The response to the pandemic has also underlined just how badly Whitehall spends our money. It must be possible to find some additional savings here and still have room to increase investment in infrastructure, hospitals, and schools. Just a 2% saving could reduce the deficit by £20 billion.

Calls for higher taxes on wealth or capital gains should certainly be rejected. These run the risk of ‘double taxation’ and other forms of unfairness, including retrospective taxation of pension investments and house purchases made many years ago.

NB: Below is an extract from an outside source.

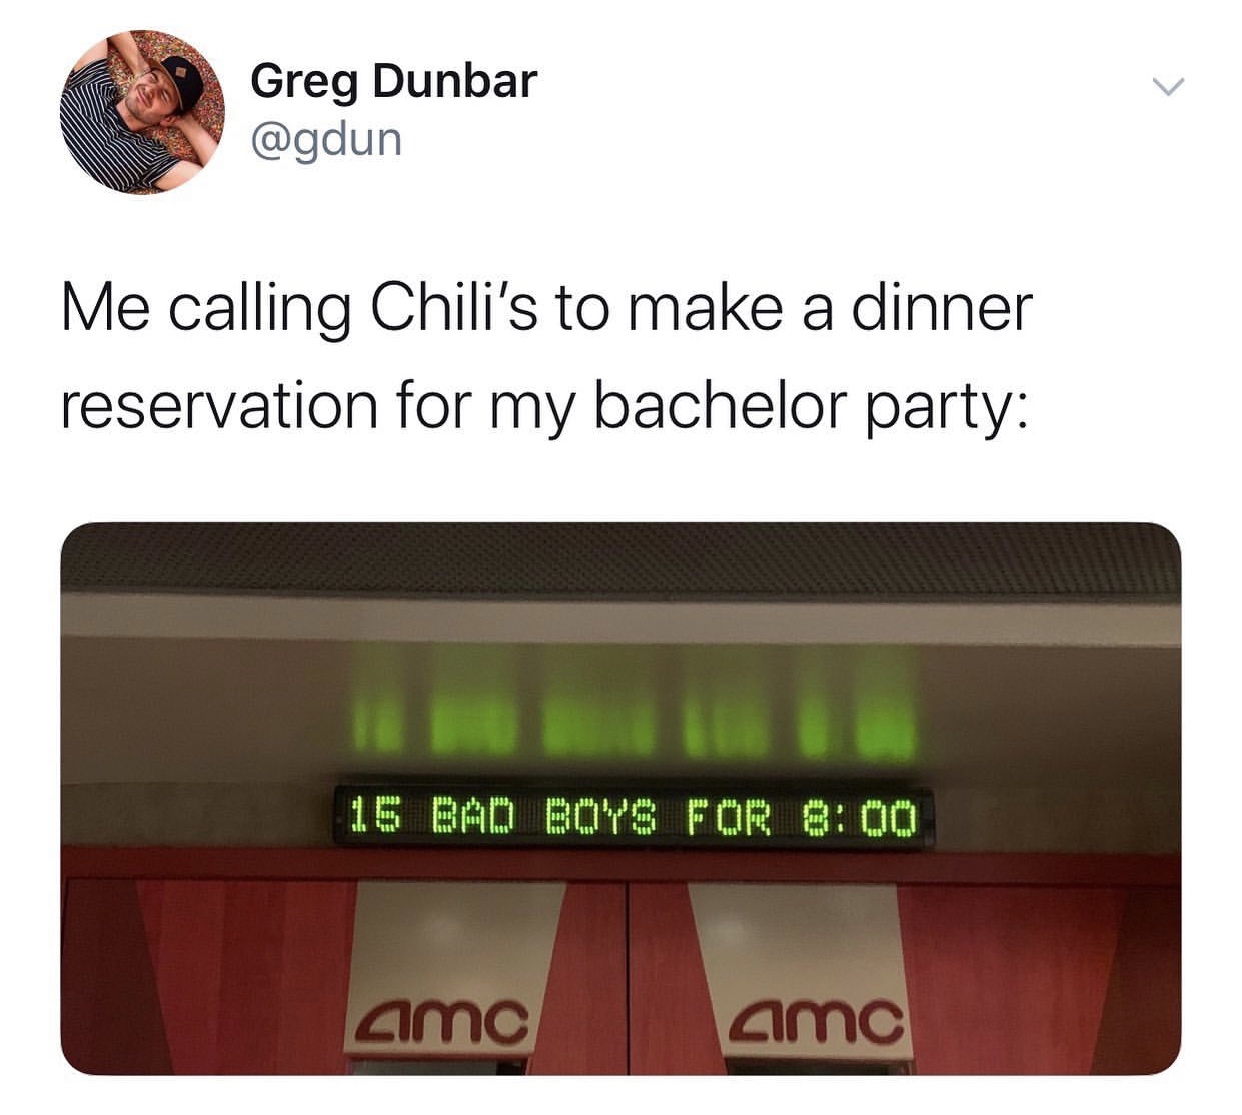 multimedia - Greg Dunbar Me calling Chili's to make a dinner reservation for my bachelor party 15 Bad Boys For c amc

The government should also ignore calls for higher taxes on businesses. This taxes are ultimately paid by all of us, as consumers and workers, but Brexit uncertainty makes it even more important that the UK remains an attractive place to invest and create jobs. If anything, the Covid tax cuts should be extended – notably the reduction in VAT on hospitality and the stamp duty holiday.

However, more could be done to ensure that income from labour and capital is taxed at similar rates, and to close loopholes which disproportionately favour the well-off. I would also favour restricting pensions tax relief to the basic rate, which could bring in at least £11 billion.

The burden of tax could also be shared more fairly by merging national insurance contribution with income tax. This would lift many low-earners out of direct tax altogether, but raise more from high-earners (including those past the state pension age). At the risk of making myself even less popular with older drivers, I’d end the freeze on fuel duty too.

Overall, I’m far from convinced that taxes will need to rise soon, or that the Chancellor should take an axe to public spending. For the remainder of this parliament the government should concentrate on helping the economy to recover from Covid, even if this means more borrowing in the meantime.

PS. since I started writing this the government has announced an additional £16.5 billion for defence, spread over four years. This is not a big deal for the economy or the public finances. Defence spending tends to provide a relatively small boost to growth (partly because of the high import content). There are also probably cheaper ways to ‘create’ 40,000 new jobs. But the additional spending could make a big difference to our defence capabilities, if well spent, and this is how it should be judged.